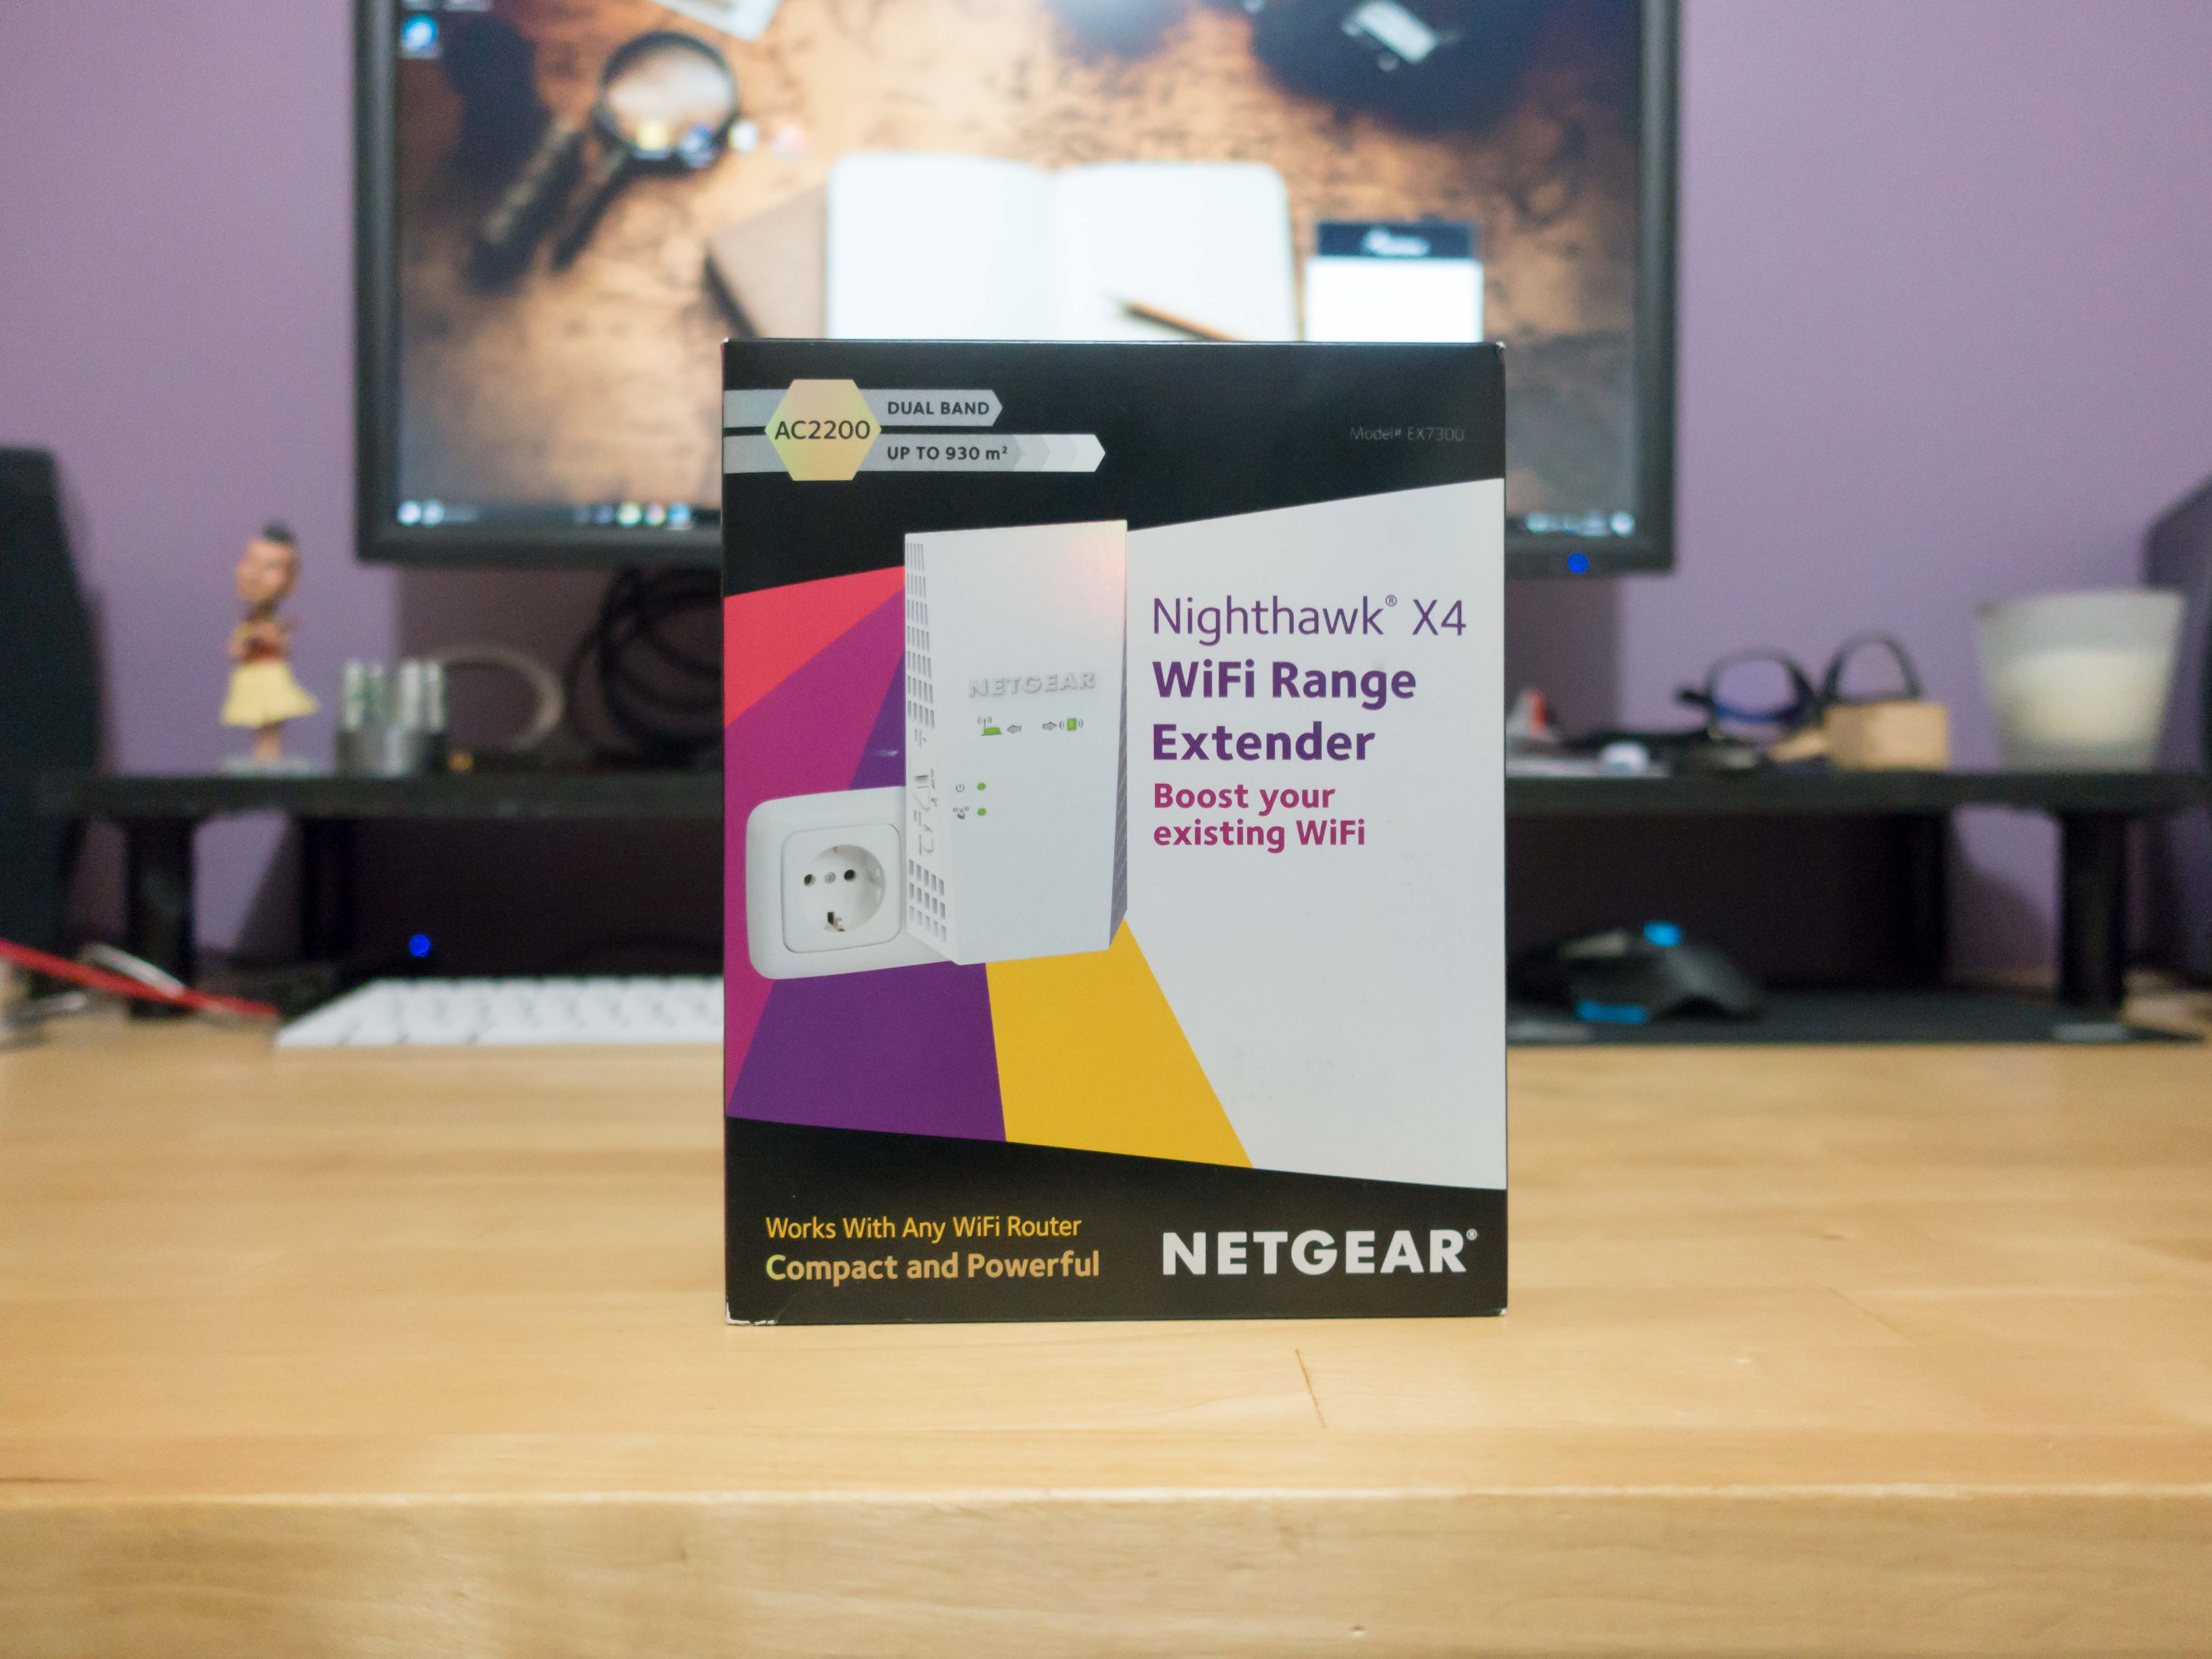 Etendre votre réseau wifi avec le répéteur Wifi Nighthawk X4 EX7300 de Netgear
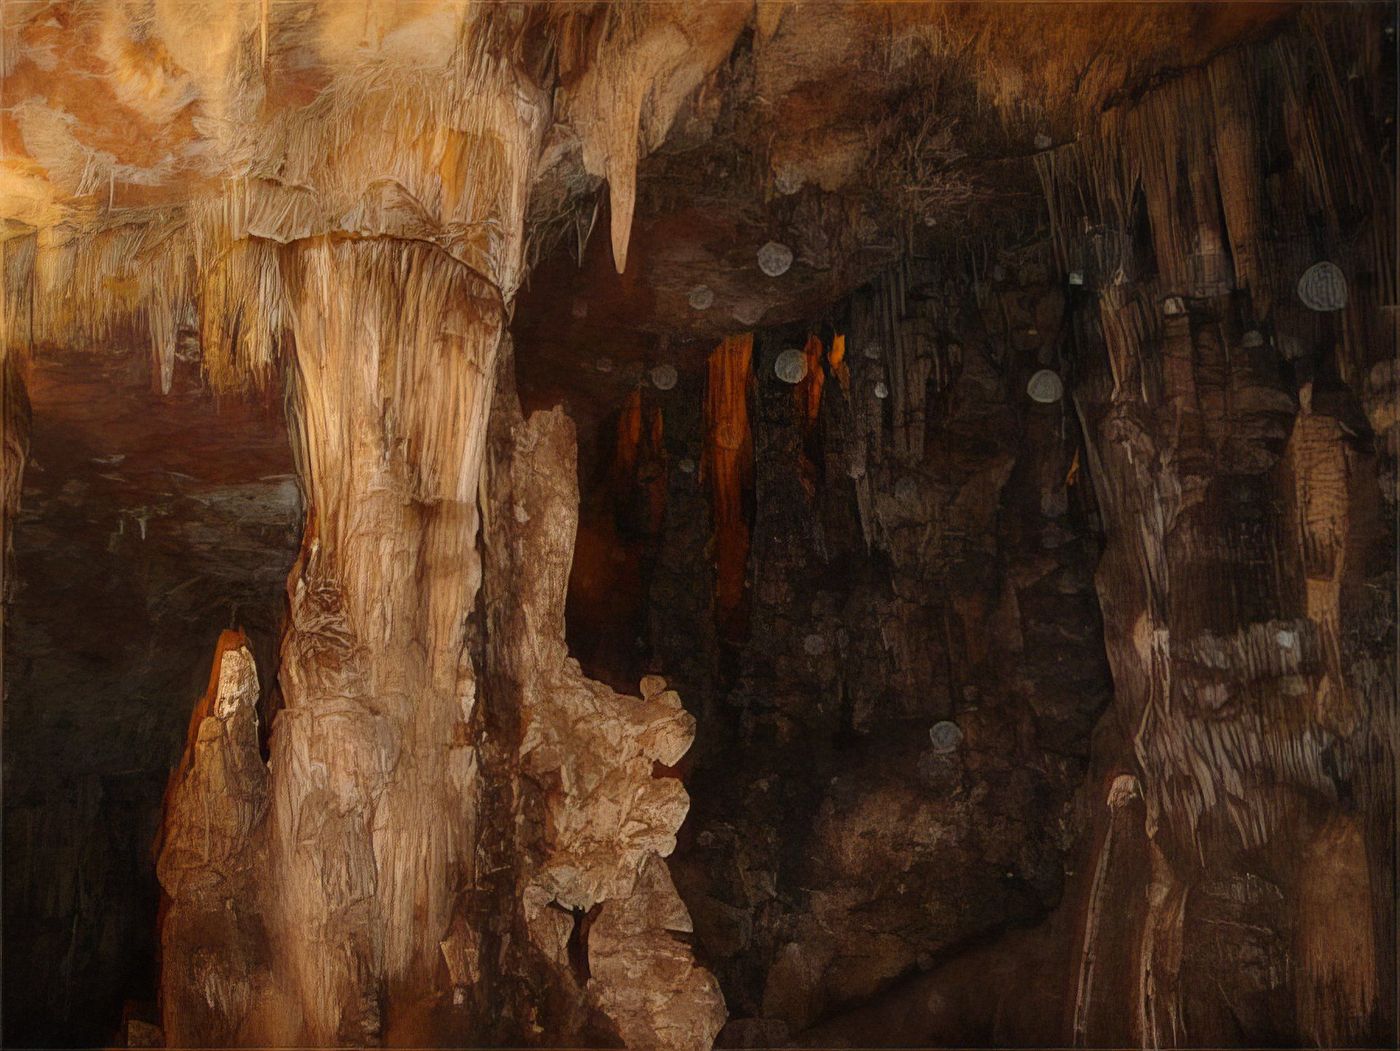 Grottes de tlemcen
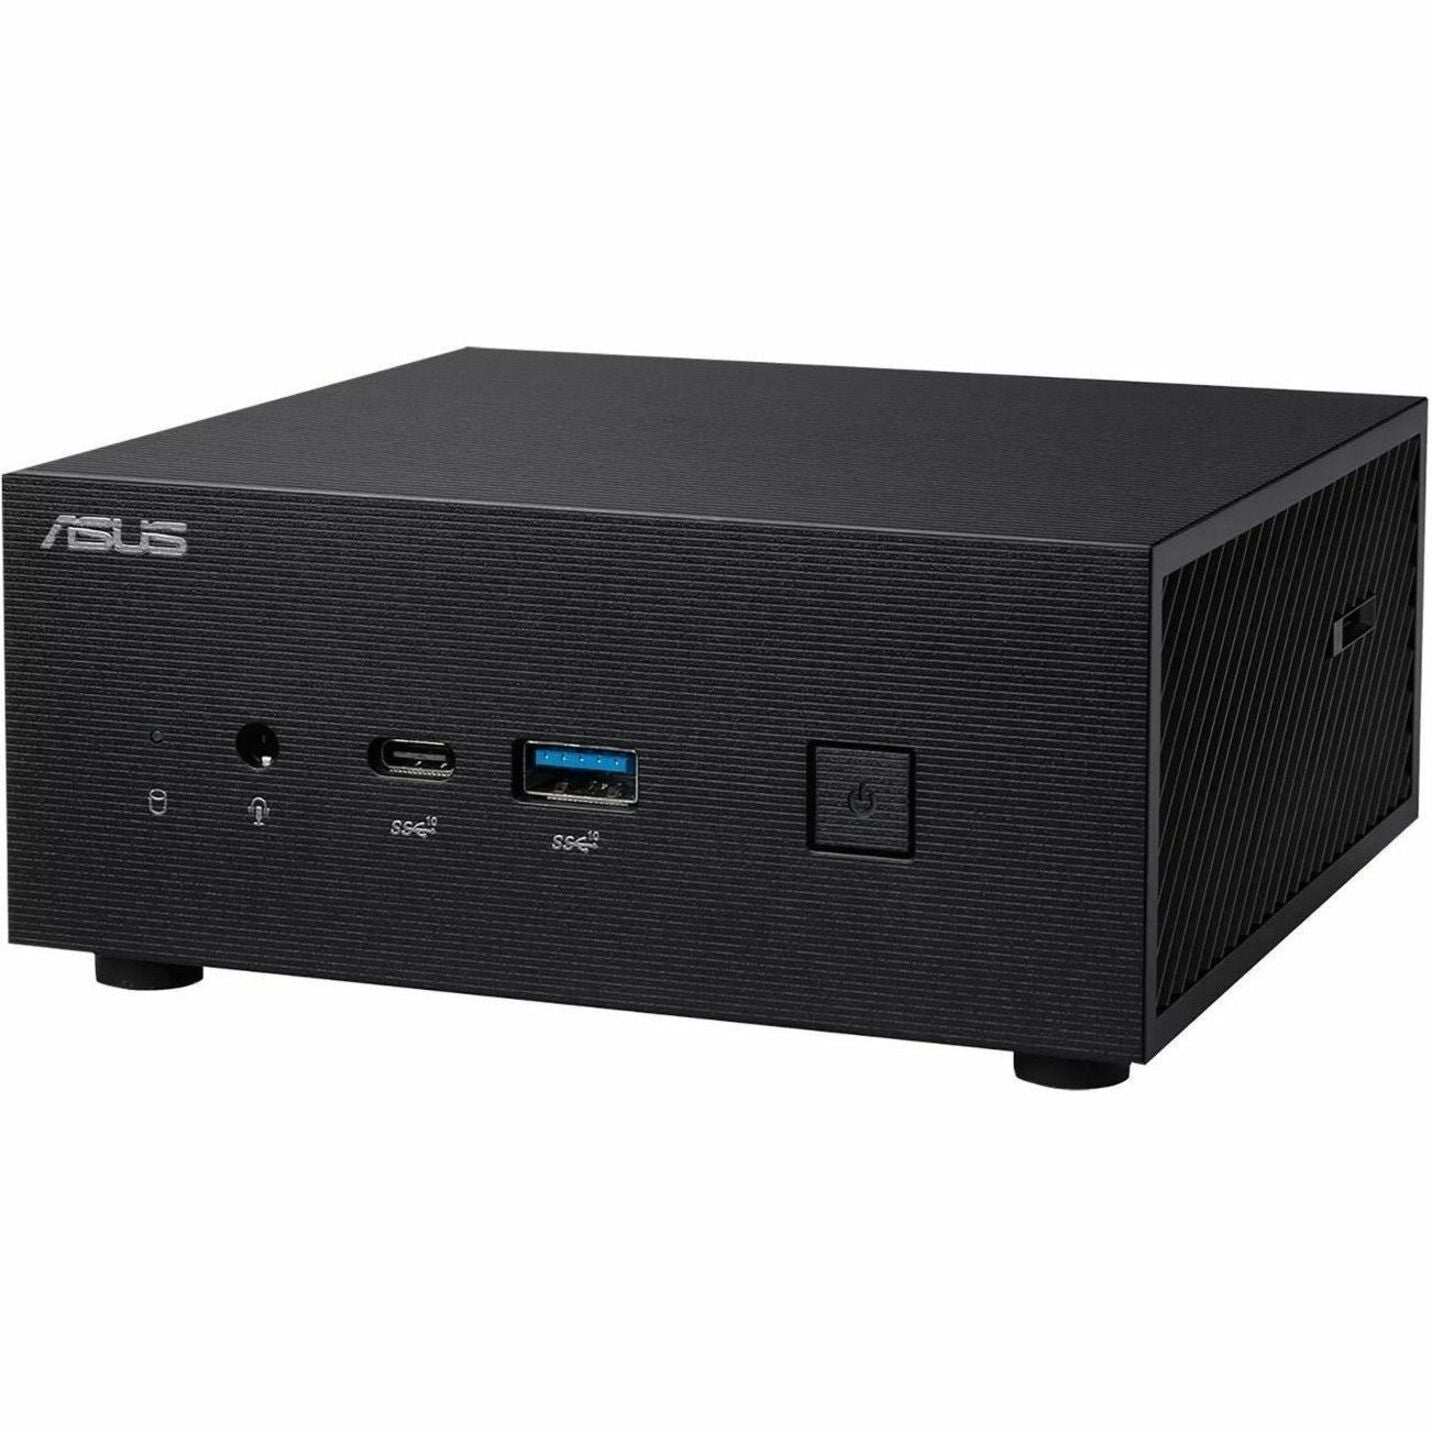 ASUS PN63-S1-BB5G000X1TD-NL Mini PC Barebone, Intel Core i5-1135G7, up to 64GB DDR4 RAM, 2 M.2 SSD + 1 2.5-inch HDD, WiFi 6E, Bluetooth

----

### Activity:
Your task is to set down each line above verbatim while excluding the pictures.

### Result for this exercise:
 Etendre votre réseau wifi avec le répéteur Wifi Nighthawk X4 EX7300 de Netgear
 Grottes de tlemcen
 ASUS PN63-S1-BB5G000X1TD-NL Mini PC Barebone, Intel Core i5-1135G7, up to 64GB DDR4 RAM, 2 M.2 SSD + 1 2.5-inch HDD, WiFi 6E, Bluetooth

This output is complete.